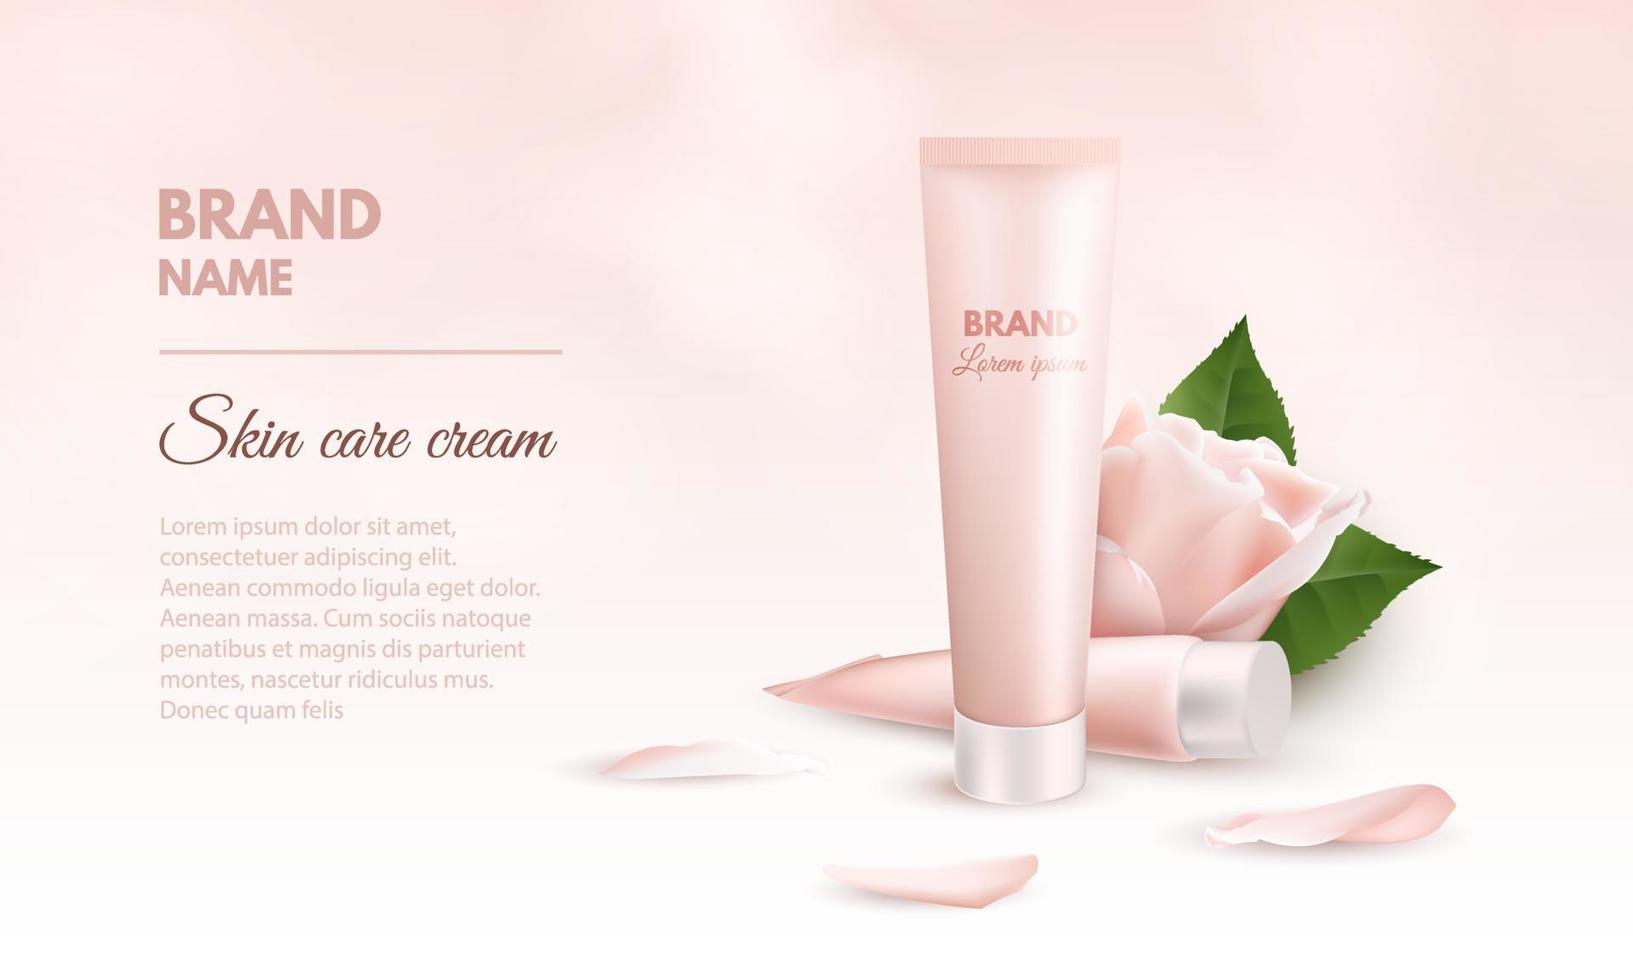 realistisk 3d-bannermall för hudvårdskräm. annonsförpackning mockup för kosmetiska och medicinska produkter med två tuber grädde, blomma och kronblad ros. vektor illustration
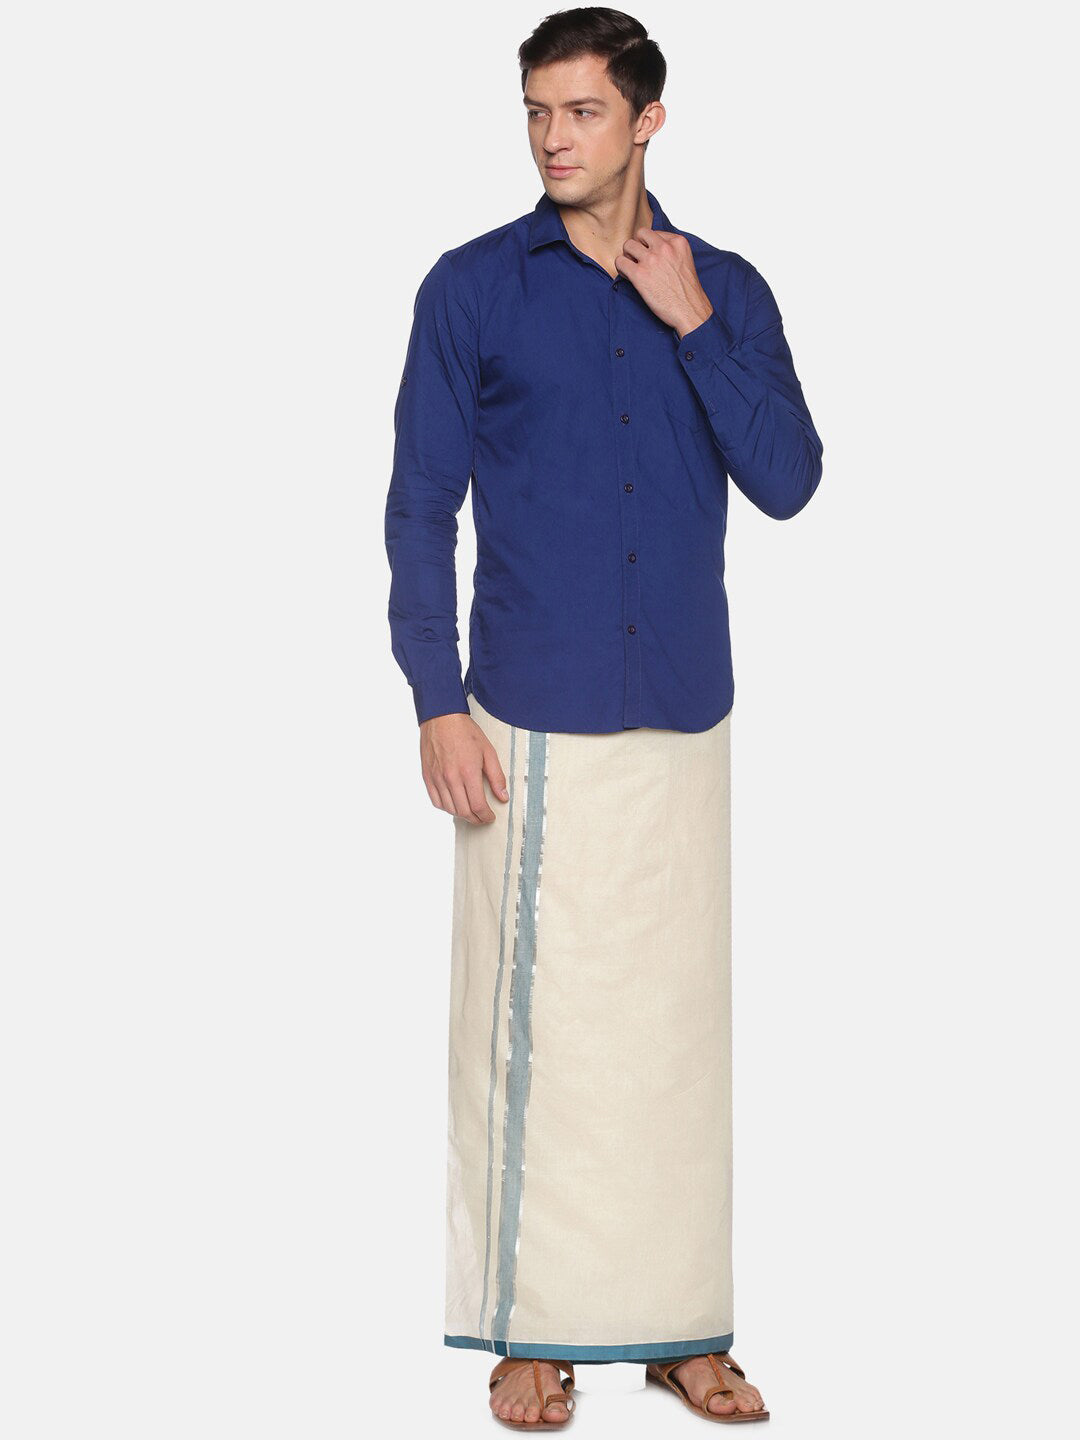 Men's Single Kerala Lungi Dhoti/Mundu/Sarong/Dress, Thalapathi border Dhoti  | eBay
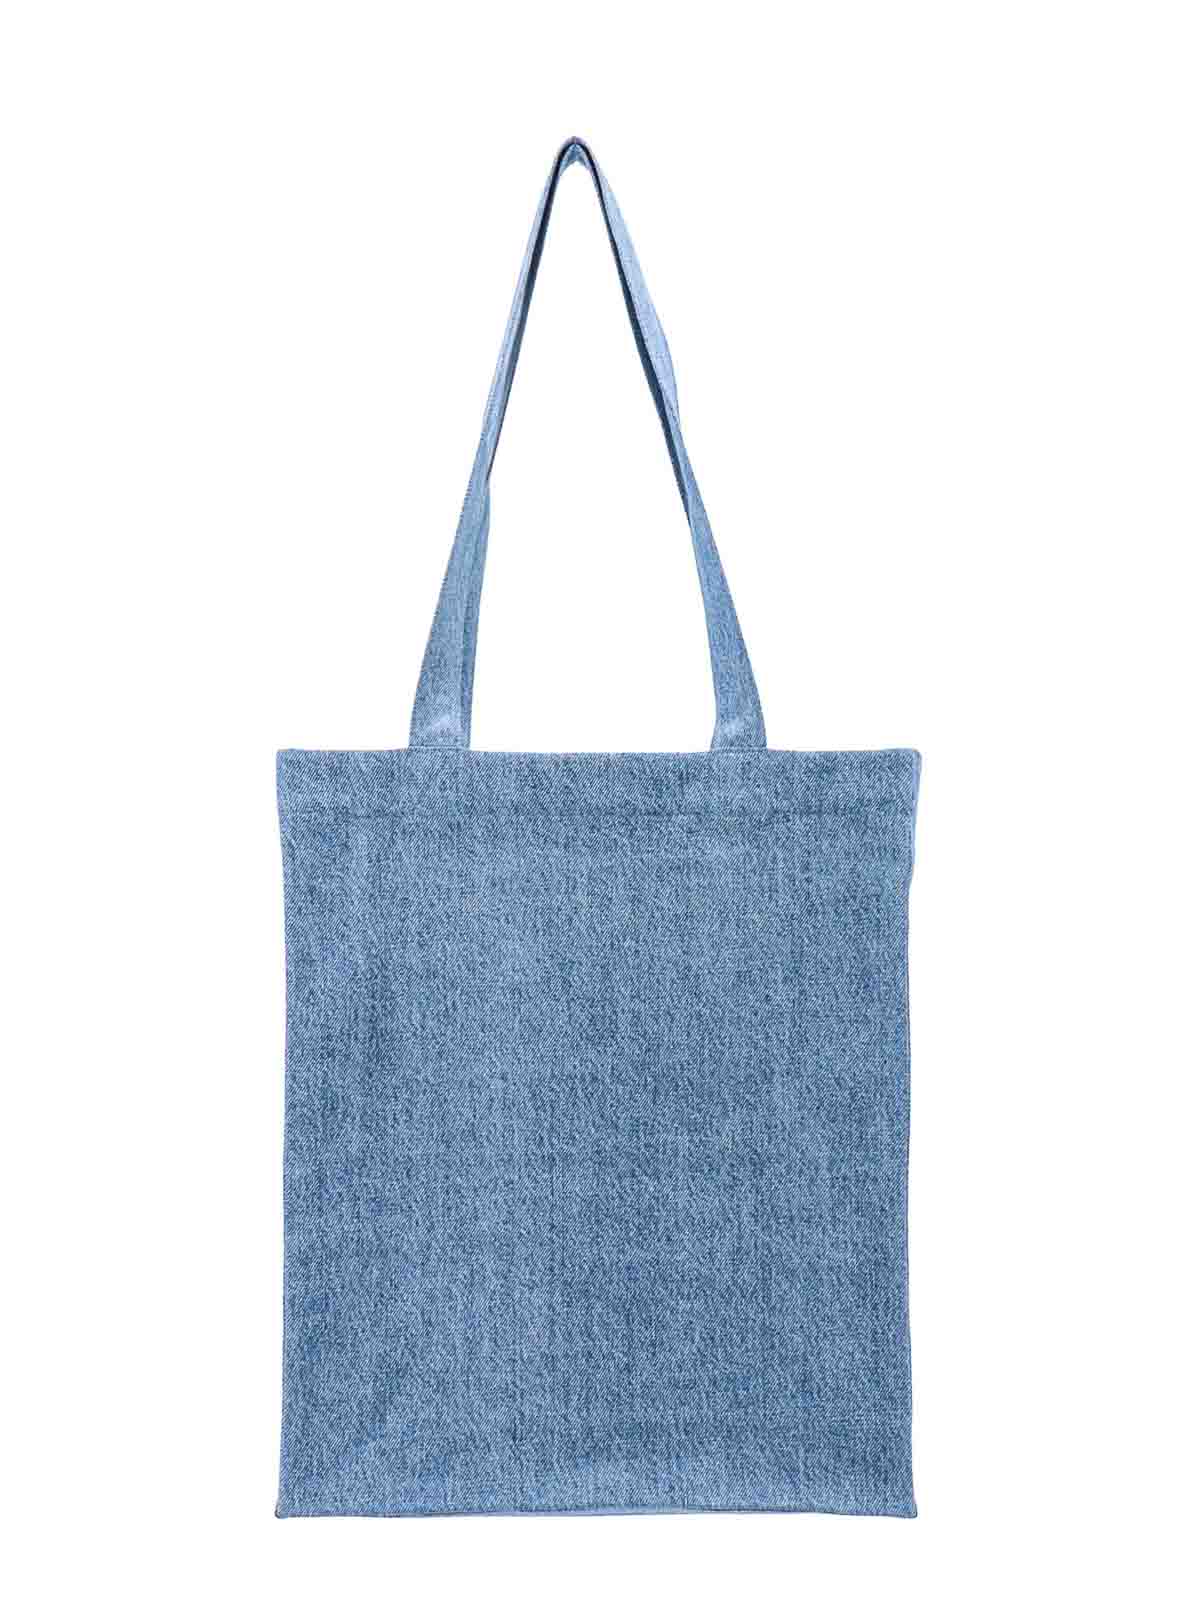 Shop Apc Denim Shoulder Bag With Logo On The Front In Blue

|---|

Exercise -
Please copy exactly the lines from the one that contains "Men's Single Kerala" through the last line of the listing above, leaving out the pictures.

Answer for this exercise -
 Men's Single Kerala Lungi Dhoti/Mundu/Sarong/Dress, Thalapathi border Dhoti  | eBay
 Shop Apc Denim Shoulder Bag With Logo On The Front In Blue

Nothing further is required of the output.